Diocese de Garanhuns


Notícias Diocese  22/03/2018

Discurso de Dom Paulo na Assembleia Legislativa

SESSÃO SOLENE – CENTENÁRIO DA DIOCESE DE GARANHUNS

ASSEMBLEIA LEGISLATIVA DO PERNAMBUCO

21 DE MARÇO DE 2018

 

Excelentíssimo senhor presidente dessa Sessão Solene, Deputado Sílvio Costa Filho, representando o Senhor Presidente da Assembleia Legislativa do Estado do Pernambuco, Deputado Guilherme Uchoa;

Excelentíssimo Sr. Deputado Álvaro Porto, autor do requerimento 4.679 de 2018, solicitando esta Sessão Solene em comemoração aos 100 anos de criação da Diocese de Garanhuns;

Senhoras deputadas, senhores deputados;

Prezadas senhoras, prezados senhores, boa noite.

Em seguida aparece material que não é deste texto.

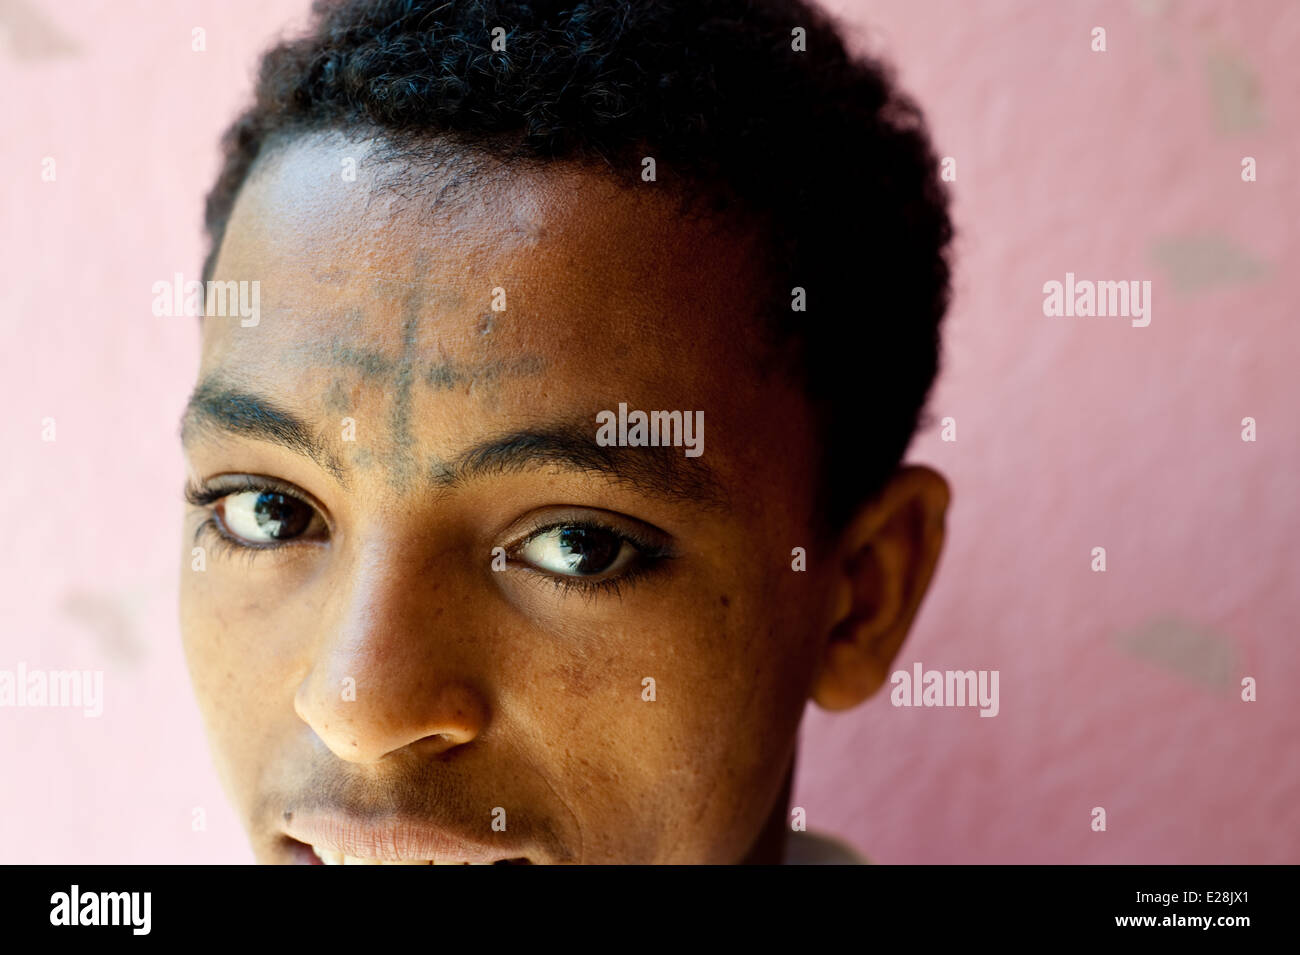 Garçon chrétien orthodoxe d'une croix tatoué sur son front ( Ethiopie) Banque D'Images

         O professor português António Nóvoa, retomando o tratado da gratidão de Santo Tomás de Aquino, nos ajuda a compreender o significado do verbo agradecer na língua de Camões. Entre os idiomas mais conhecidos do ocidente, somente a Língua Portuguesa é capaz de expressar o nível mais profundo do agradecimento. Em algumas línguas, como em Inglês, Alemão e Holandês, o agradecimento é feito no nível mais superficial: agradecer é um ato de reconhecimento do pensamento, é uma função cognitiva e cerebral (Thanks, Danke, Bedankt); noutras ‒ e estamos no segundo nível ‒, como em Francês, Italiano e Espanhol, a gratidão é um reconhecimento do favor, da benevolência ou da misericórdia de outrem; dar graças a alguém por aquilo que essa pessoa fez por nós (Merci, Grazie, Gracias); em Português, quando agradecemos, nós estamos dizendo: a partir de hoje, eu permaneço obrigado a você; por causa desse gesto de generosidade da sua parte para comigo, eu estou vinculado e comprometido com você. Eu fico, portanto, obrigado (obligatus - ligado), comprometido e vinculado com essa instituição pelo reconhecimento que os senhores prestam à Diocese de Garanhuns.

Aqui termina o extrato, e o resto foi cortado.